“Colorado the Bighorn Sheep” on a Frontier A320 at McCarran International Airport.
It took a worldwide pandemic to slow the rapid growth of Frontier Airlines in 2020, but as 2021 began, the low-cost carrier was in recovery mode and gearing up for renewed expansion.
After merging with ALPA in 2016, Frontier’s pilot ranks grew rapidly, especially after ratifying a new contract with healthy pay increases and benefits in 2019. By early 2020, the group had grown by almost 10 percent to more than 1,600 pilots and added a sixth pilot base in Miami, Fla.
The increase in hiring led to a reshuffling of the Master Executive Council (MEC) leaders, including the creation of local Council 163 (Las Vegas, Nev.), which joined Councils 165 (Denver, Colo.), 167 (Chicago, Ill./Philadelphia, Pa.), and 169 (Orlando/Miami, Fla.).
“We were really doing well—hiring pilots, adding new aircraft, adding new routes—and then came COVID-19,” said Capt. Brian Ketchum, the pilots’ MEC chair.
Like other carriers, Frontier lost the bulk of its business when the pandemic hit, worsened by shutdowns at Florida theme parks and other leisure destinations that are the cornerstones of the ultra-low-cost carrier’s revenue.
The airline received $204 million in federal Coronavirus Aid, Relief, and Economic Security (CARES) Act funds, and as a cost-saving measure began flying “triangle” pairings that began and ended at the same hub, such as Denver-Dane County-General Mitchell-Denver. It also became the first U.S. airline to impose mandatory preboarding temperature screenings for passengers and crewmembers.
MEC leaders ratified a series of letters of agreement (LOAs) helping to protect pilots’ jobs while saving the airline money. Pilots were offered 50-hour COVID leaves of absence (COLA) from April through August, as well as other scheduling relief.
Hundreds of pilots accepted the leaves, but by July the company announced it would likely furlough as many as 600 pilots—one-third of the group—when CARES funding expired on October 1.
The pilots and the company negotiated much of the month of August on furlough-mitigation efforts, and on August 25 the MEC ratified a new LOA creating 35-hour leaves as well as three categories of zero-hour leaves of one-, three-, and six-month durations. Zero-hour pilots weren’t furloughed and retained active status, including health care and retirement, with many able to add flying to their schedules.

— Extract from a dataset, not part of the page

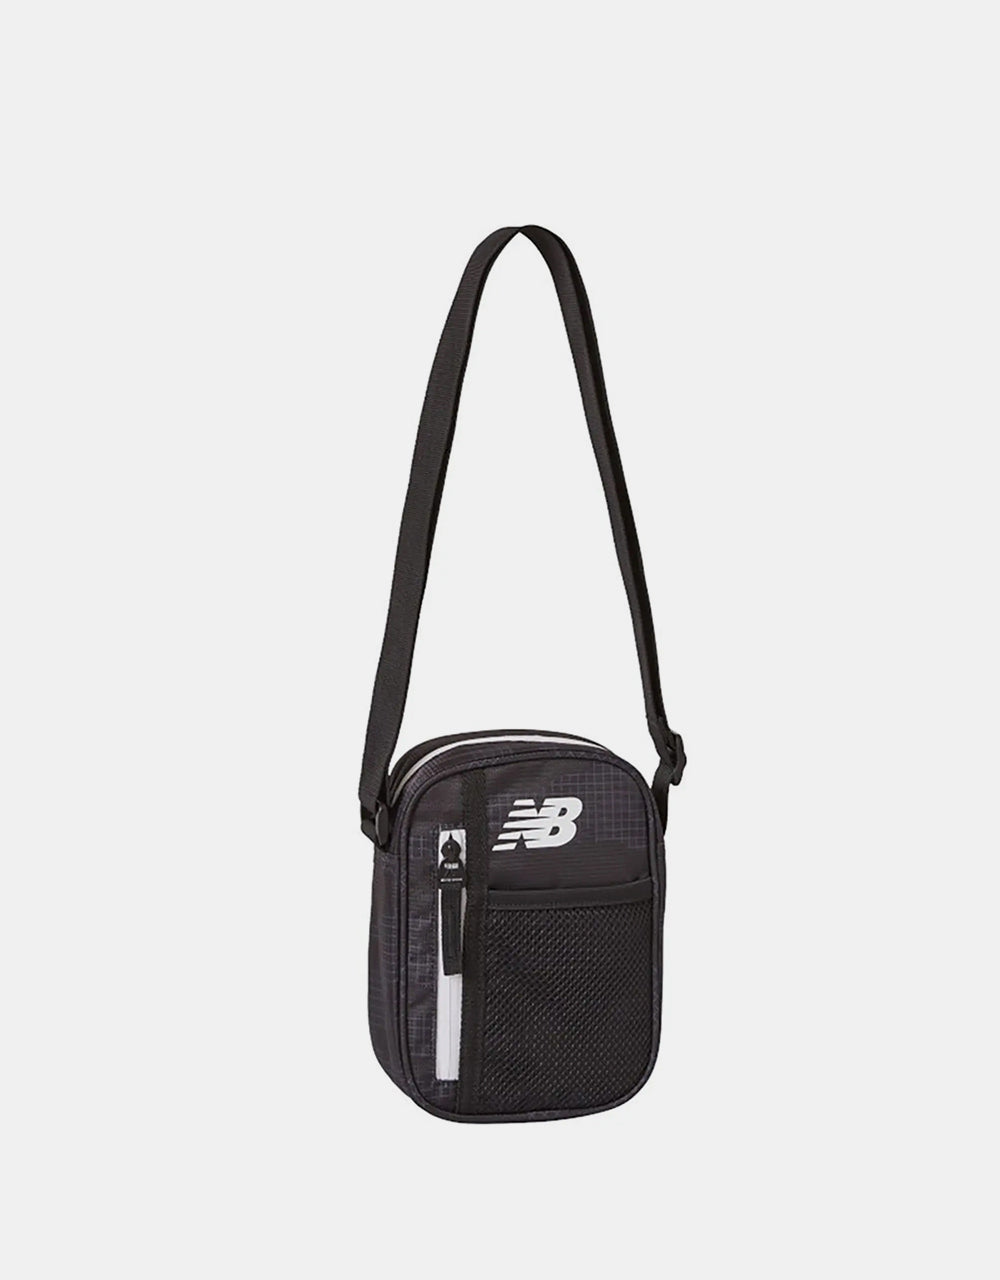 New Balance OPP Shoulder Bag - Thunder (Grid Camo)

Just as they had with the 50-hour lines, Frontier pilots helped their fellow aviators with a strong response to the COLA-35s. More than 400 pilots bid for COLA-35 lines in September, and as a result only 203 pilots were forced into zero-hour status.
As part of furlough negotiations, the pilots agreed to accelerate the process of implementing preferential bidding on the property. After the MEC ratified a preferential bidding system (PBS) LOA in June, PBS training began almost immediately using online training modules and virtual workshops, supported by more than 30 volunteer trainers. Mock bidding began in September, and the first live PBS bids were awarded in December.

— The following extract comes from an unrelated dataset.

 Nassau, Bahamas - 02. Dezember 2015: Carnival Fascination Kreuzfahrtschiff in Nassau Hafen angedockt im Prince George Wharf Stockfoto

“The majority of our focus in 2020 was tied up with survival, furlough mitigation, and PBS implementation,” observed Ketchum. “I’m proud of the commitment put forth by our committee volunteers and line pilots who stepped up to take COLA leaves. Thanks to them, we succeeded in solving both issues and kept all of our pilots employed.”

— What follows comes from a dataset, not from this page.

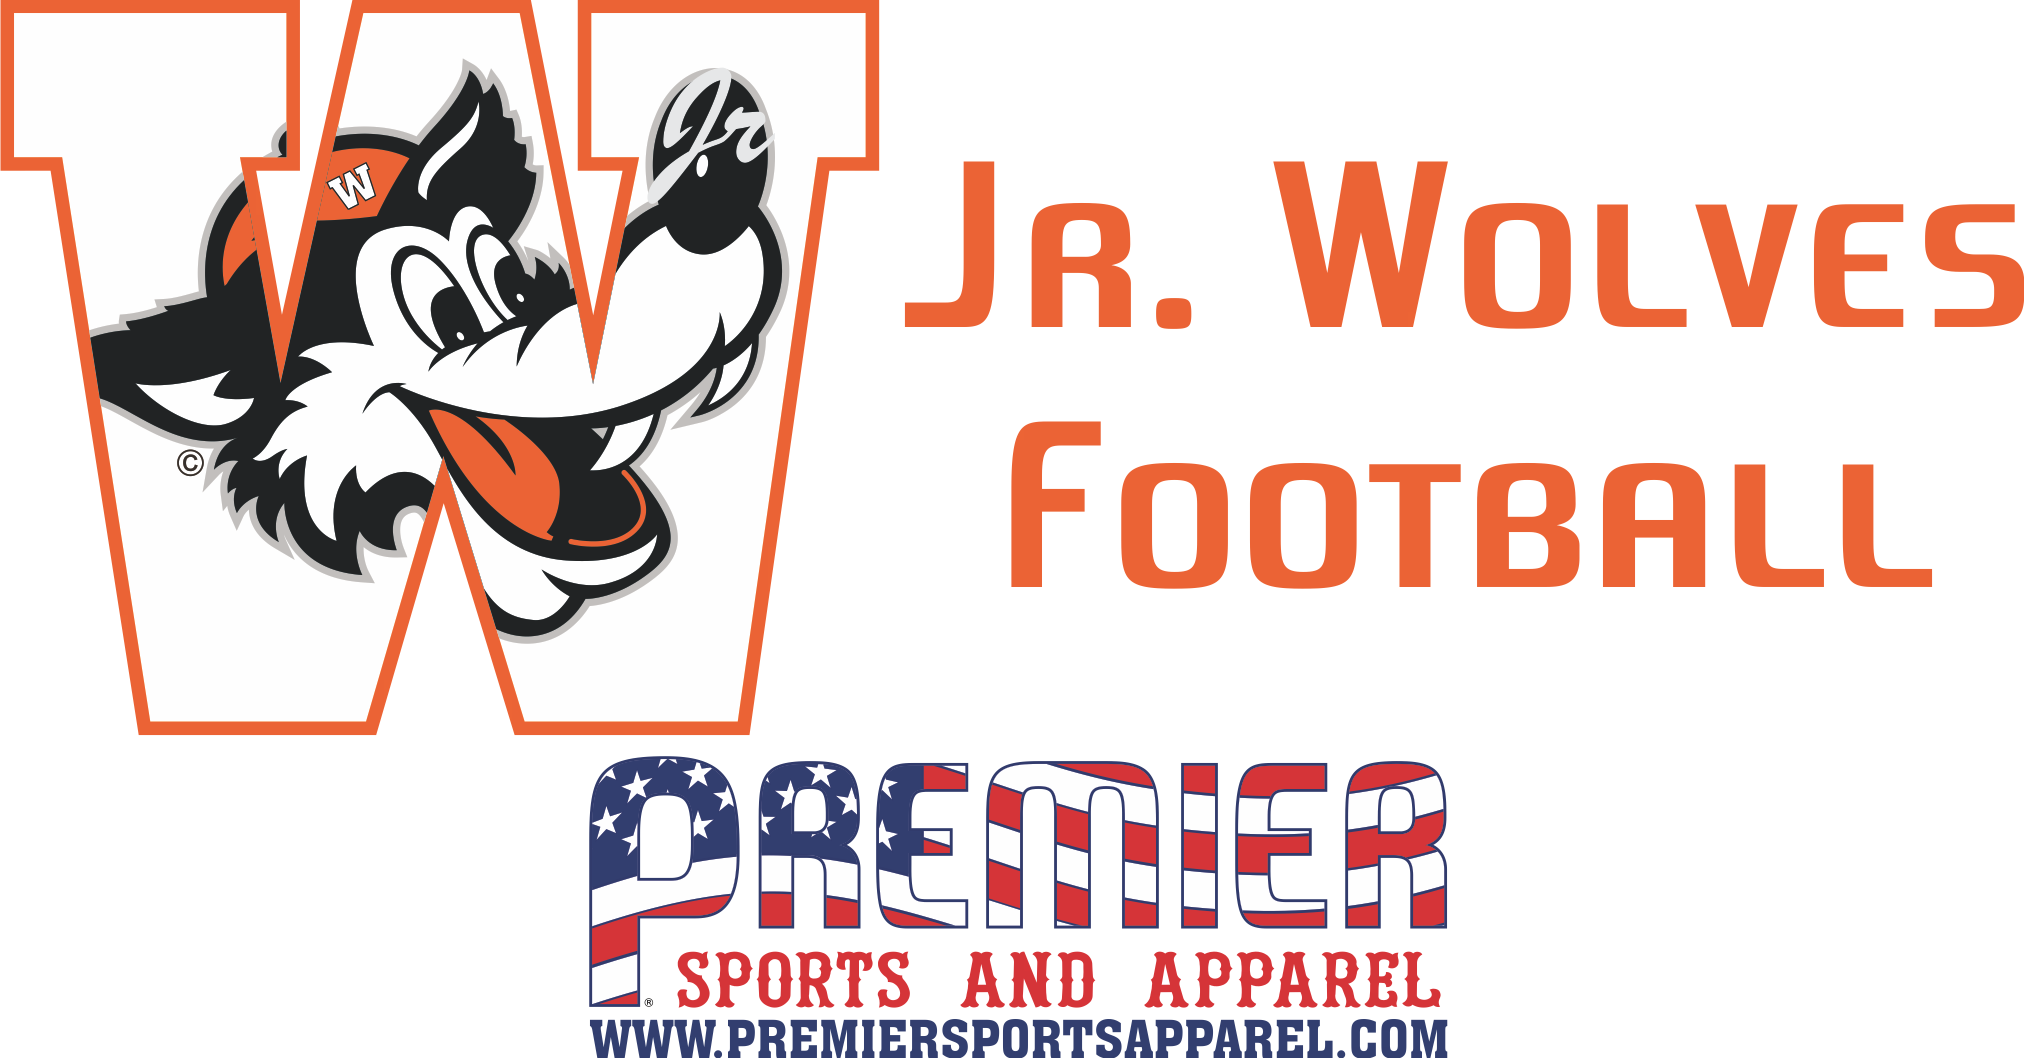 Woodland Jr. Wolves Football

After the deployment of COVID-19 vaccines at the end of the year, Frontier has seen its bookings and pilot block hours slowly recover. Pilots began returning from COLA-35s in January, with all pilots scheduled to return to the line in March. The airline has also announced plans to resume captain upgrades in March and new-hire classes in July.
“The company continues to look at the pandemic as a ‘survive and thrive’ challenge where Frontier will see opportunities for continued growth and expansion, hopefully starting this spring,” Ketchum said.